心路
遠い。体力はないほうなのだ、私は。でも少しずつ鍛えなくちゃ。ひょっとすると兵士になるかしれないし、と思う。木々ひとつない原野を走る。かけにかける。かけにかけるってこういうことかな、などとどこか面白く感じつつ、走る。息が続かない。とまる。汗。生きている。ああ、なんだかまた泣いてしまうそうだ。なぜだかわからないけど。ひょっとして私はただ、声をあげてなきたかったのかもしれない。違うかもしれないけど、そうかもしれない。そう考えた途端、喉の奥で言葉が詰まっているような、叫びだしたいような感覚にも襲われた。泣こう。そう決めて周囲を見回す。誰もいない。公孫勝も、いないよね? 注意深く見回す。隠れる場所もない。地平線。泣いてもいい。この世界の誰も責めることなく、泣けるだろう。
「うわああああああ」
想像以上に、大きな声が出た。気の狂った女だと思われてもいい。思えばいい。そう思ったが、誰も居ないのだからそう思う人間もいないだろう。
「死にたい! 死にたい死にたい死にたい!」
叫んだ。泣いていた。その言葉に、自分の中のどんな意味があるのかは知らない。言葉以上の、言葉以外の意味があるのだと思う。それ以上はわからず、自分では知ることが出来ないのだと思った。ここで公孫勝が出てきて、なにをやっている、とか冷笑されてもいい。でも、誰もいなかった。どこにいても現実というのはそういうものだった。

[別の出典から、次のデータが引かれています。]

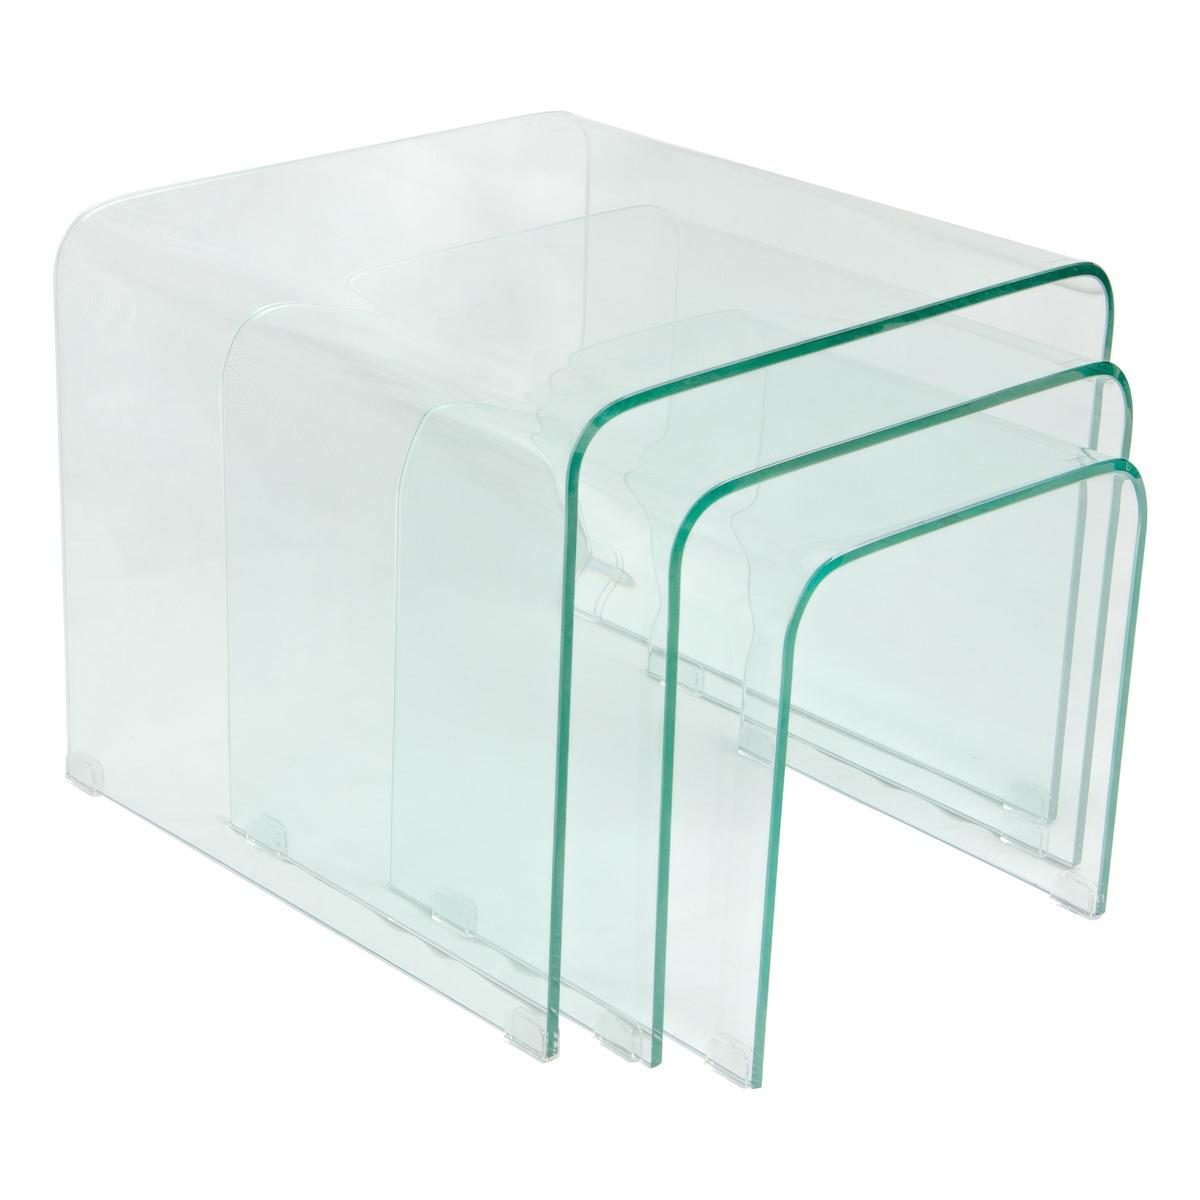 Table basse en verre trempé - 50 x 50 x 45 cm - Transparent

じゃりっと土を踏む音がする。夢か、幻か、現実か、嘘か、傷か、まやかしか──。
私はここで、何をすればいいのだろう。ただ、人々が歩く流れを見ながら、考えるしかなかった。
「女」
なぜそれがわかったのだろう。私は今、男の姿をしているはずなのに。その声がする方向を見ると、そこには笠で表情を隠したひとりの老人がいた。いや、ただしくは老人ではないことを私は知っている。公孫勝。こんなところにいたのか。どうこたえていいかわからず沈黙していると、公孫勝は歩き始めた。行く宛もない私は、その後姿を追った。追うしかなかった。

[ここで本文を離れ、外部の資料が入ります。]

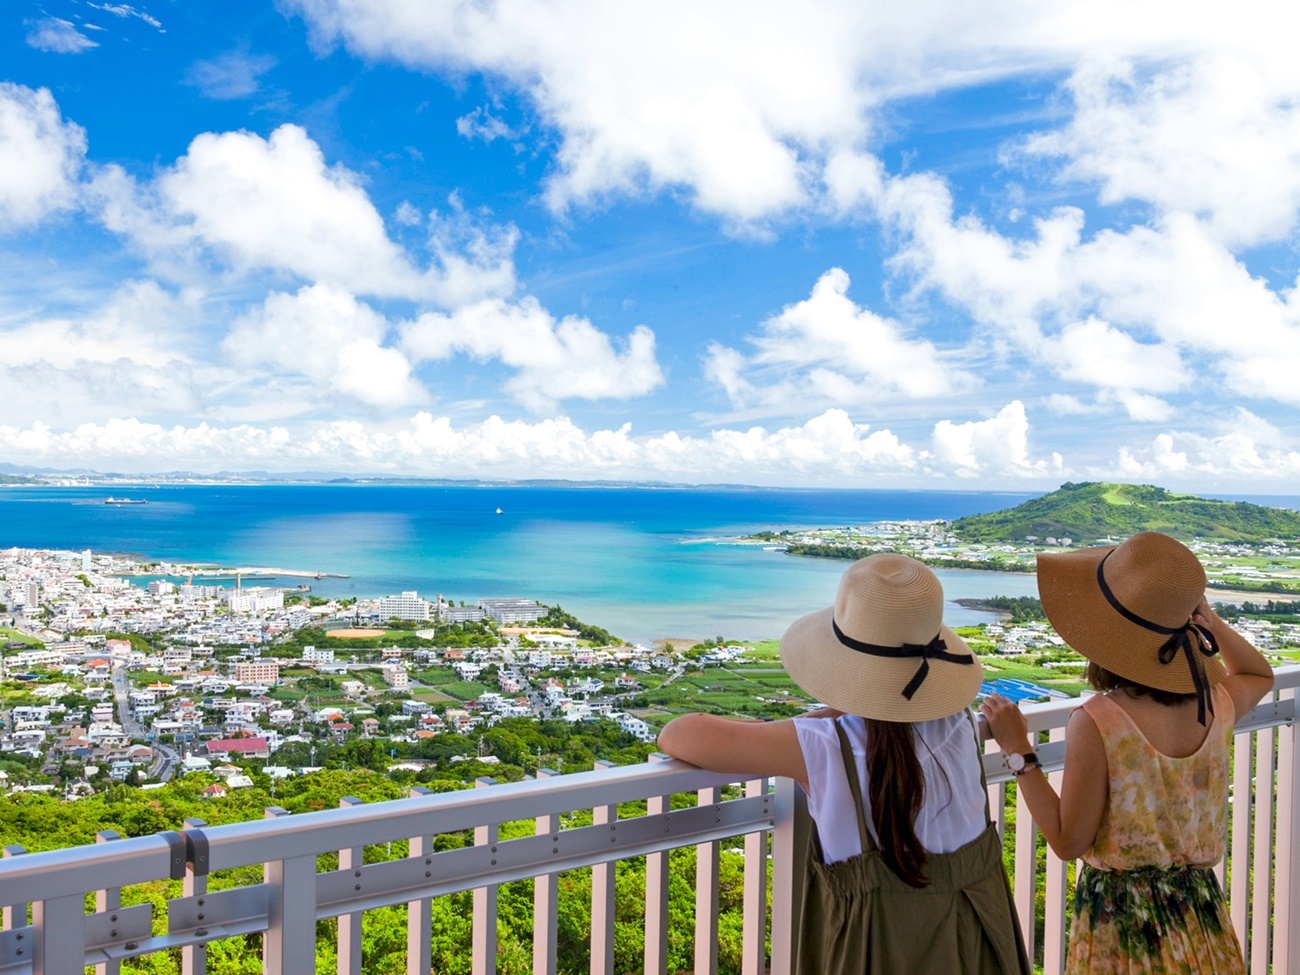 從山頂欣賞令人印象深刻的海景。 “輕鬆的度假住宿，讓您更貼近沖繩”

食堂の二階──そこが密会の場所だった。よく字面で追ったものの、まさか自分がやってくることになろうとは。ひとまずかしこまって正座をする。ようやく公孫勝が笠を脱いだ。若いのか、若くないのかわからないが、心の底が読めない顔というのがどういうものなのか、初めて知ったという気がする。
「怒り、だな」
見透かしたようなことを、と思ったが、ようなこと、ではなく見透かされているのだ。胃がせり上がり吐き気を催すような怒りを、私は感じていた。どうしてこの男はそんなところまで見通せるのだろう。不思議だ。不思議だが、救いだ。
「何がお前をそうさせる」
そう聞かれたいと顔に書いてあるぞ、とでも言いたげに公孫勝が言う。
「その話は」
バンッとふすまが開いたかと思うと、そこにいたのは、黒髪黒目の青年だった。
なぜか私はその人物が、自由自在に容姿を変えられることを知っている。この世界の住人ではなく、私がやって来た世界の住人でもない。都合のいい、存在。その都合のいい存在の青年は、私を嫌悪するような目で見ている。ツンデレているのか、と思ったが、すっと目をそらされた。公孫勝は剣を抜いていない。危険だとは判断されていないらしい。青年は、どかっと私のとなりに腰掛けた。
「名前、つけろ」
「じゃあ……心路」
そういう流れがもともと決められていたかのように、するりとその行事は行われた。異論はないらしい。公孫勝は何も言わずにその様子を眺めていた。
「話を遮って悪かった。だが、その話はここではできない。面倒なことになる」
「そうか」
それ以上、公孫勝は何も言わなかった。というより、特にそれ以上の興味がなかったのだろうと思う。
「公孫勝さん、ちょっと心路とふたりで話をさせてくださいませんか」
「いいだろう」
物分かりがいいのか、興味が無いのか、なんなのか、公孫勝はそのまま部屋を出た。私は心路と向かい合う。
「なんとなくわかるよ、貴方がどういう存在なのかは」
「だろうな」
「私にとって都合のいい存在だ」
「そんなんになってたまるか」
「……その反応も、都合がいい。ご都合主義だけじゃないって、寂しくならない」
「寂しかったのか」
その言葉には、なぜだかはっきり答えたくなかった。寂しかったのか。そうだ、私は寂しかった。だけど、それを自分の中で抱えるだけにしておきたかった。見せたくなかった。
「ま、俺は俺で楽しくやるよ」
心路はそう言って笑った。全てが、満点だった。